Dustin Ackley hasn’t played a whole lot this year (18 plate appearances!) because it’s tough to get him into the lineup. He’s stuck in the same role as Garrett Jones last year. Teixeira and A-Rod are not doing much damage right now — Rodriguez has looked much better of late, to be fair — and giving Ackley some of their at-bats could spark the offense. This would complicate the outfield plan outlined above. That’s not worth worrying about right now.
The alternative here would be Nick Swisher, who owns a .340/.370/.540 (167 wRC+) batting line with three homers down in Triple-A. I can’t say I put much stock in a 12-year veteran mashing minor league pitching though. Swisher has two bad knees and he’s hit .204/.291/.326 (75 wRC+) in the big leagues the last two years. Call him up and I suspect you’ll get closer to 2014-15 MLB Swisher than 2016 Triple-A Swisher.
This is where Greg Bird’s injury really hurts. Calling up Bird to take at-bats away from Teixeira and A-Rod would be far more realistic and, likely, far more successful than the Ackley/Swisher plan. With those two you’re just hoping small sample size success translates to long-term success.
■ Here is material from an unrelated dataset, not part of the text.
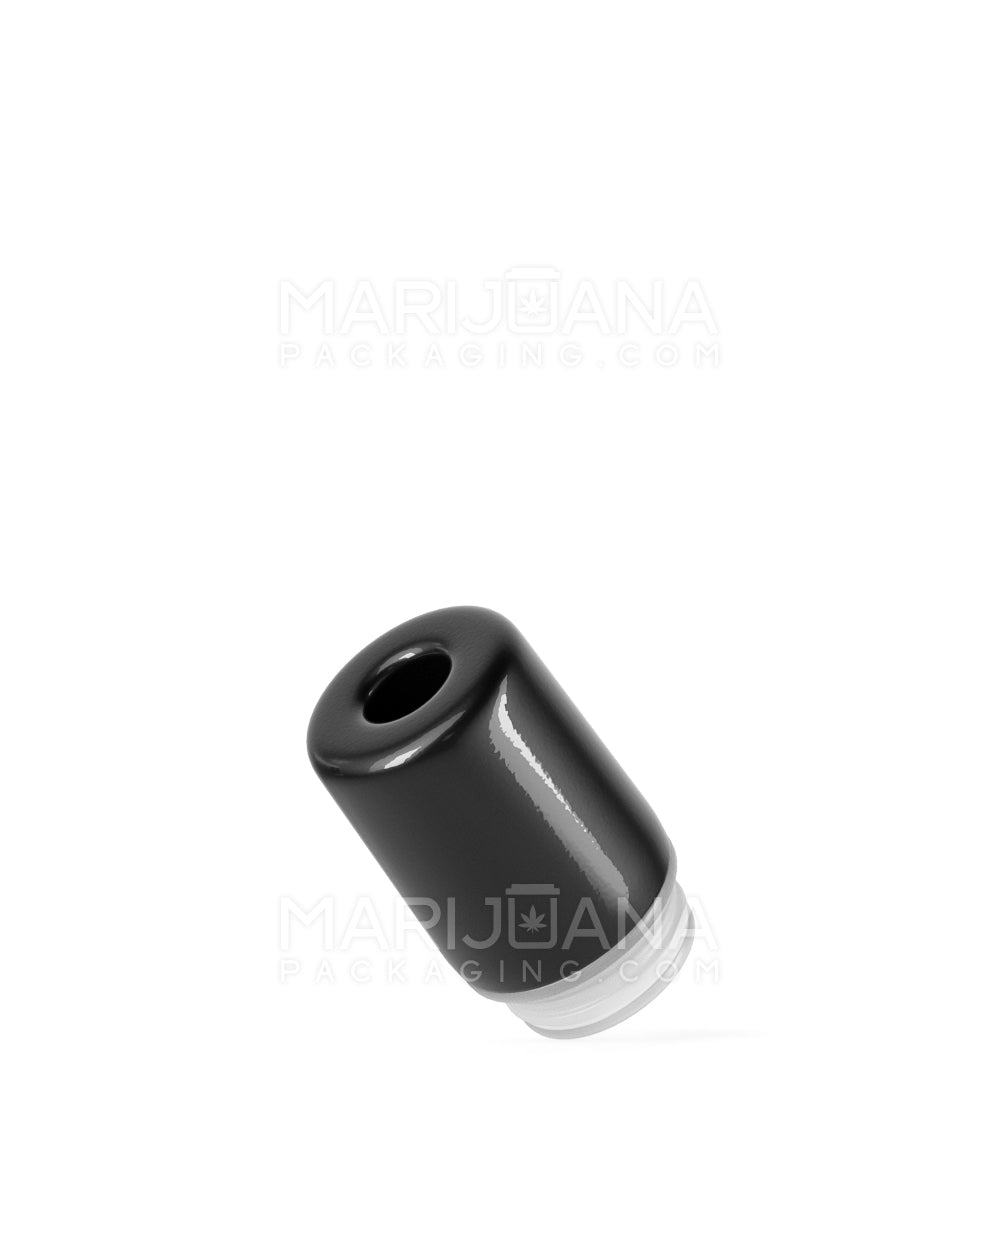 AVD | Barrel Vape Mouthpiece for Glass Cartridges | Black Ceramic - Eazy Press - 600 Count - 4

Ackley was terrible all those years with the Mariners before raking in pinstripes in September. Swisher was bad from 2014-15 and has had a few good weeks in Triple-A. That’s all it is.
The Yankees have had some success turning veterans who looked washed up into useful players (see Chavez, Eric), so we shouldn’t completely write off Swisher as a possibility. Either way, Ackley or Swisher, taking at-bats away from A-Rod or Teixeira is one potential way to inject some life into the offense. For what it’s worth, I think this is the least likely suggestion in this post.
* * *
I’m not sure what the Yankees could do to shake-up the pitching staff other than maybe swap out some relievers. I guess they could replace Michael Pineda, CC Sabathia, or Luis Severino with Ivan Nova. My guess is Nova’s going to end up making a bunch of starts at some point anyway. Point is, the Yankees have reached the point where some kind of change needs to be made. The problem is they don’t have a lot of internal options. What you see is what you’re going to get with this team.